O ministro do Supremo Tribunal Federal (STF) Sepúlveda Pertence requisitou informações ao governador do Estado do Amapá, Waldez Góes (PDT), no âmbito da Ação Direta de Inconstitucionalidade (Adin) n° 3694, apresentada pelo presidente do Conselho Federal da Ordem dos Advogados do Brasil, Roberto Busato, que contesta artigos da Lei estadual n° 959/05. Relator da Adin, o ministro Pertence informou em despacho que, após o recebimento das informações requeridas ao governador amapaense, no prazo de dez dias, abrirá vista do processo à Advocacia Geral da União e à Procuradoria Geral da República.
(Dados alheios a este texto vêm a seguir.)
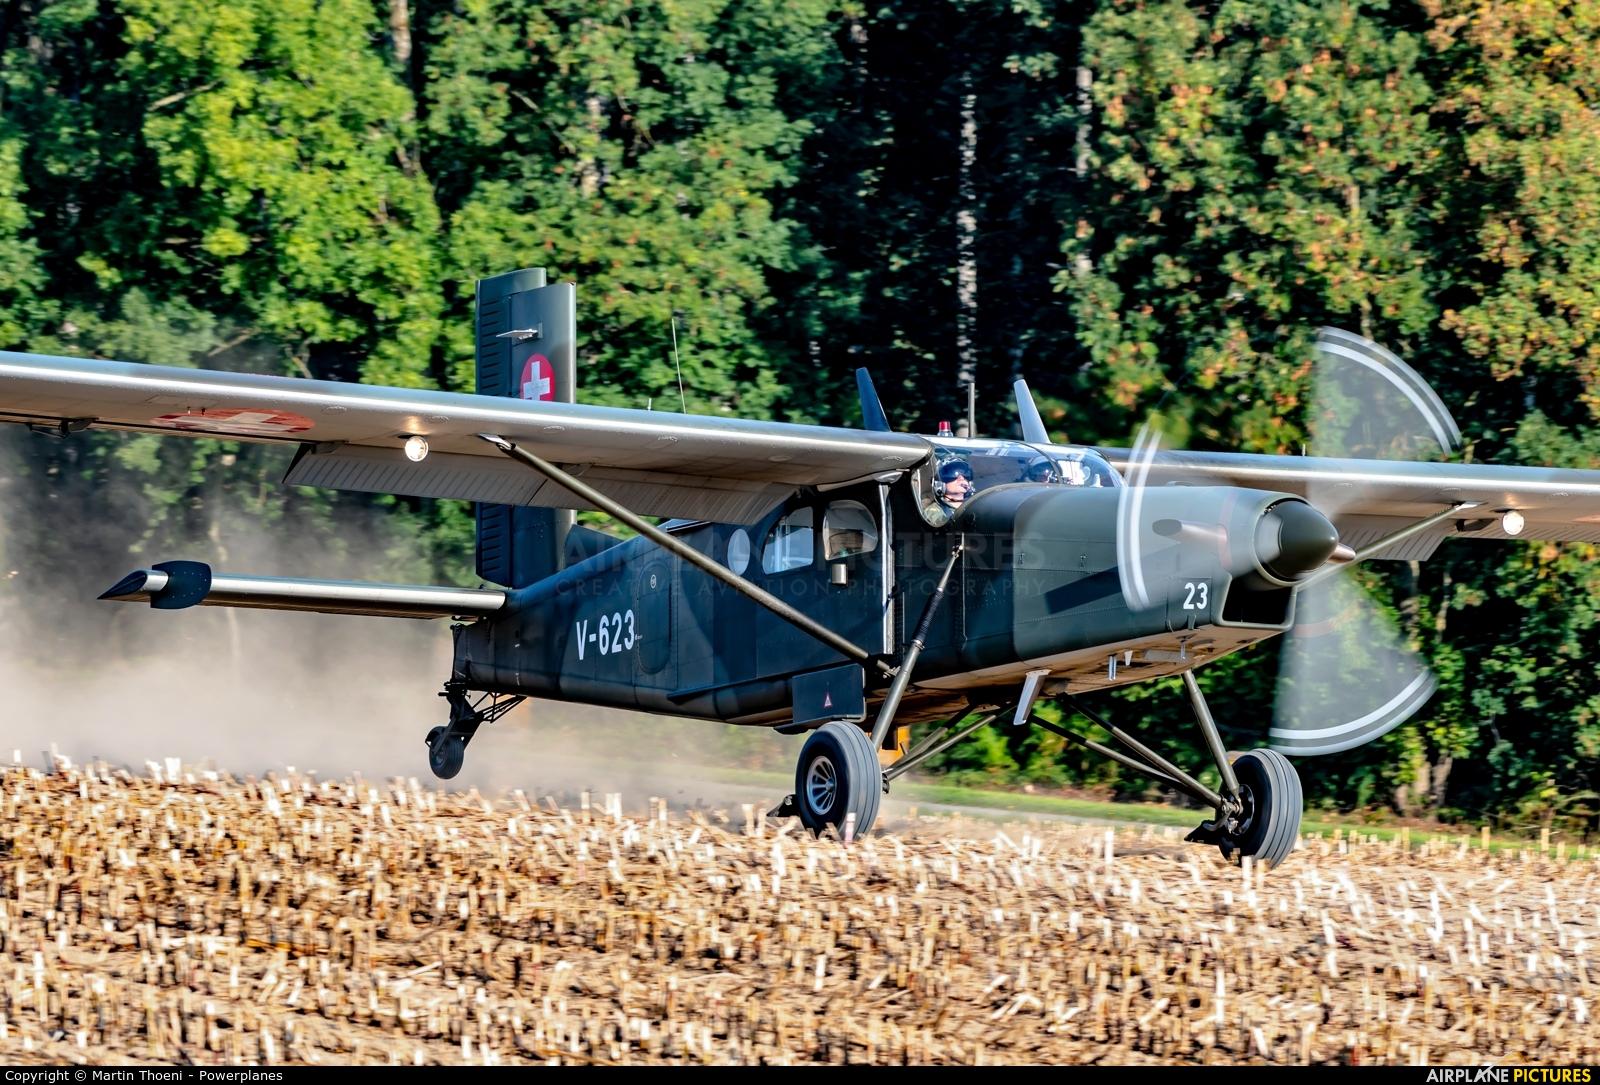 Switzerland - Air Force V-623 aircraft at Off Airport - Ebersecken
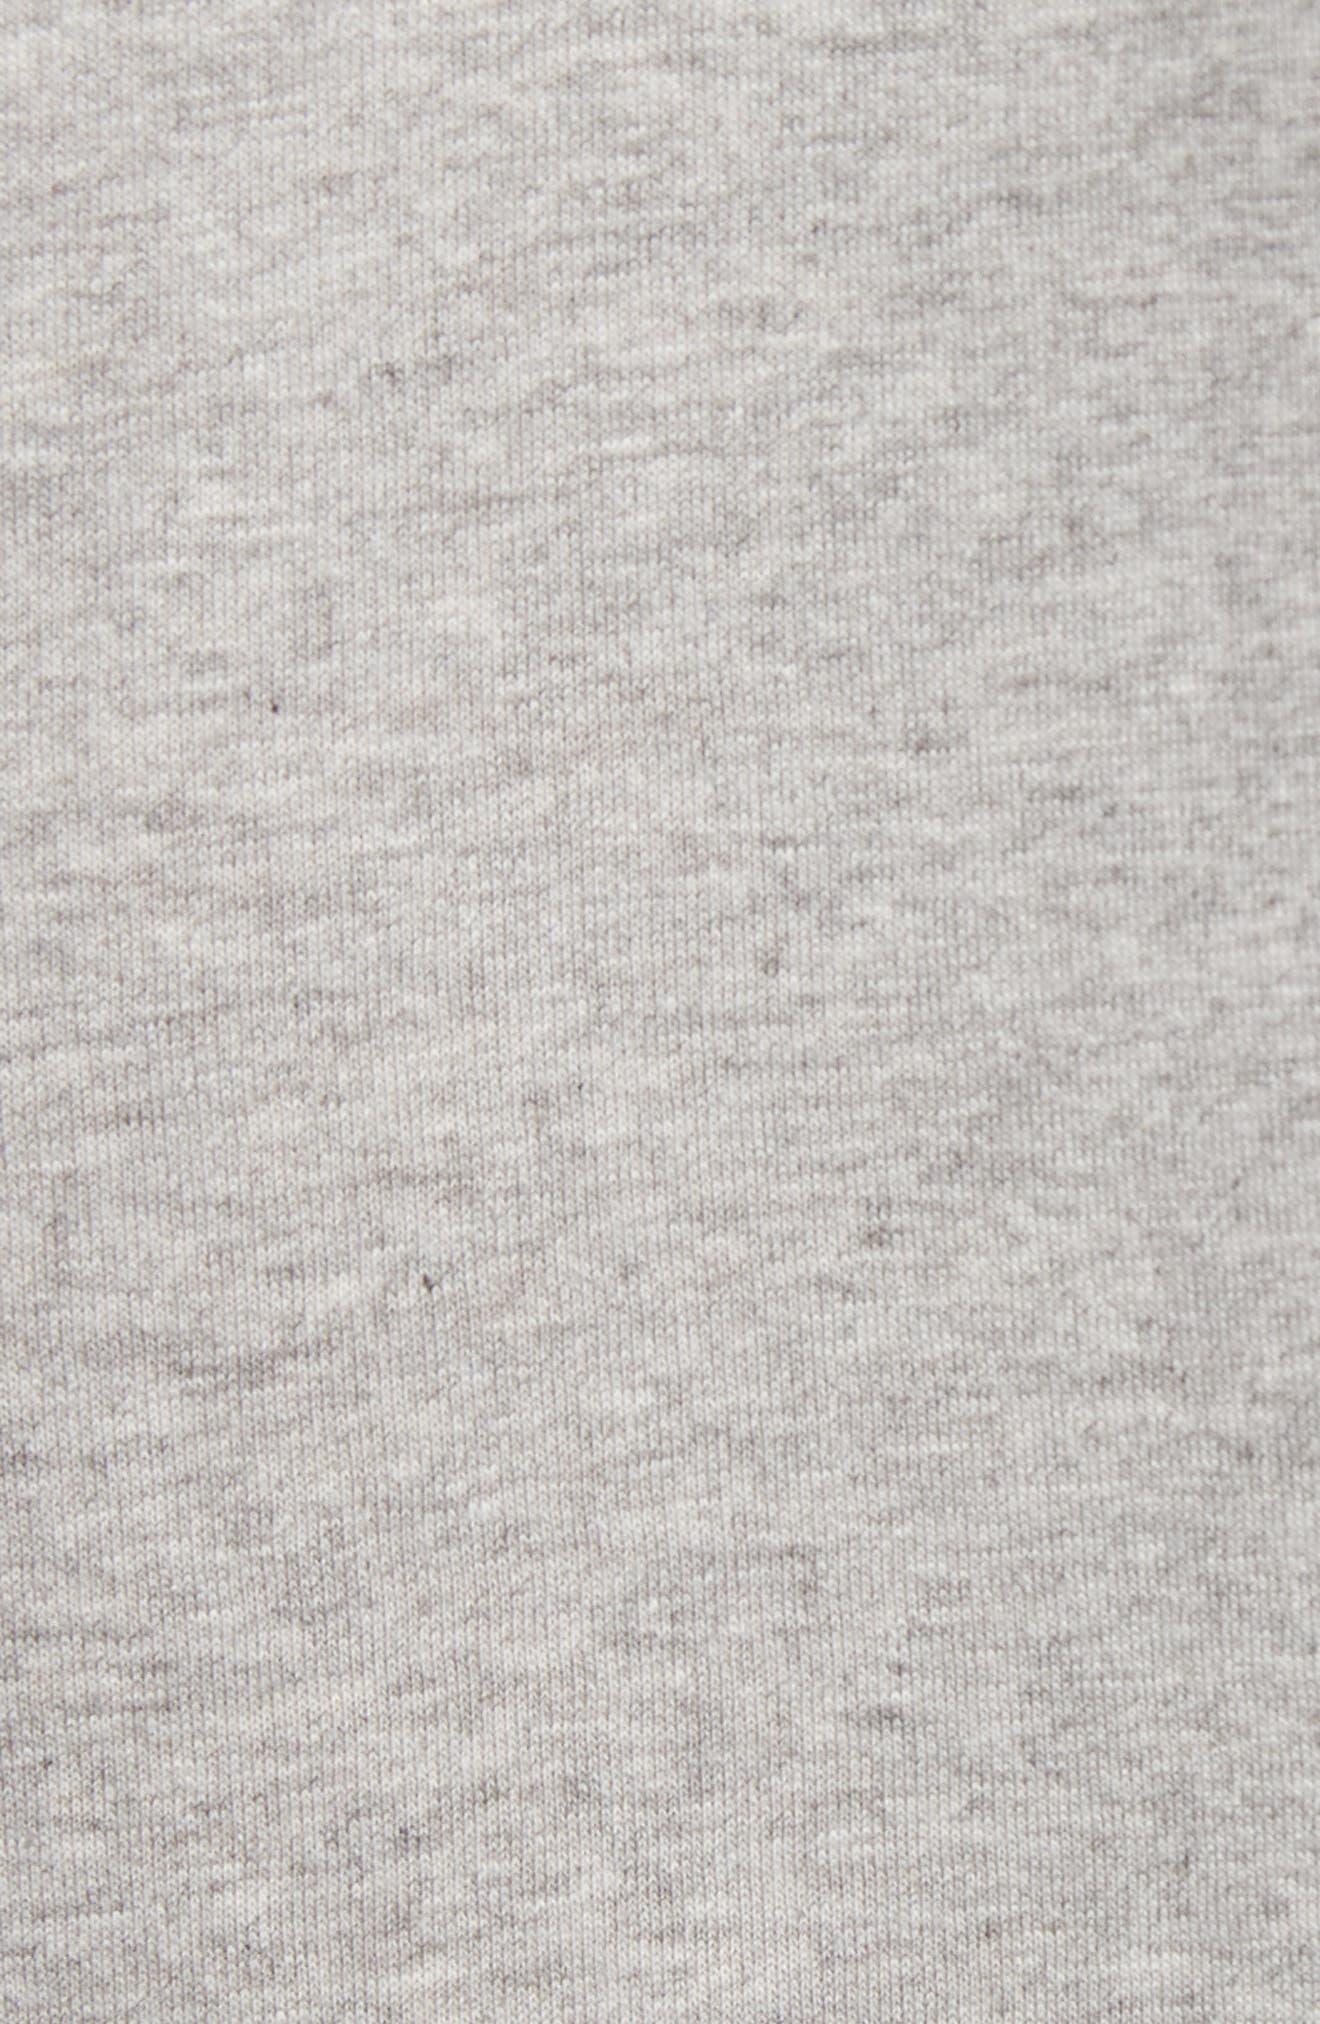 Orcher Full Sleeve Sweatshirt,                             Alternate thumbnail 14, color,

O ministro do Supremo Tribunal Federal (STF) Sepúlveda Pertence requisitou informações ao governador do Estado do Amapá, Waldez Góes (PDT), no âmbito da Ação Direta de Inconstitucionalidade (Adin) n° 3694, apresentada pelo presidente do Conselho Federal da Ordem dos Advogados do Brasil, Roberto Busato, que contesta artigos da Lei estadual n° 959/05. Relator da Adin, o ministro Pertence informou em despacho que, após o recebimento das informações requeridas ao governador amapaense, no prazo de dez dias, abrirá vista do processo à Advocacia Geral da União e à Procuradoria Geral da República.

A Adin nº 3694 de autoria da OAB, que ingressou no STF dia 29 do mês passado, pede a declaração da inconstitucionalidade do artigo 47 da Lei nº 959/05 do Estado do Amapá, que dispõe sobre custas judiciais e emolumentos dos serviços notariais e de registros públicos. Seu artigo 47 fixou que a referida lei deveria entrar em vigor no dia 1º de janeiro de 2006, apenas um dia depois de sua publicação, não observando, portanto, o prazo de 90 dias definido na Constituição.

O dispositivo constitucional considerado violado na lei estadual e apontado na ação da OAB é o de número 150, III, c, da Constituição Federal. Conforme este dispositivo, “sem prejuízo de outras garantias asseguradas ao contribuinte, é vedado à União, aos Estados, ao Distrito Federal e aos Municípios: cobrar tributos (III) antes de decorridos noventa dias da data em que haja sido publicada a lei que os instituiu ou aumentou, observado o disposto na alínea b”.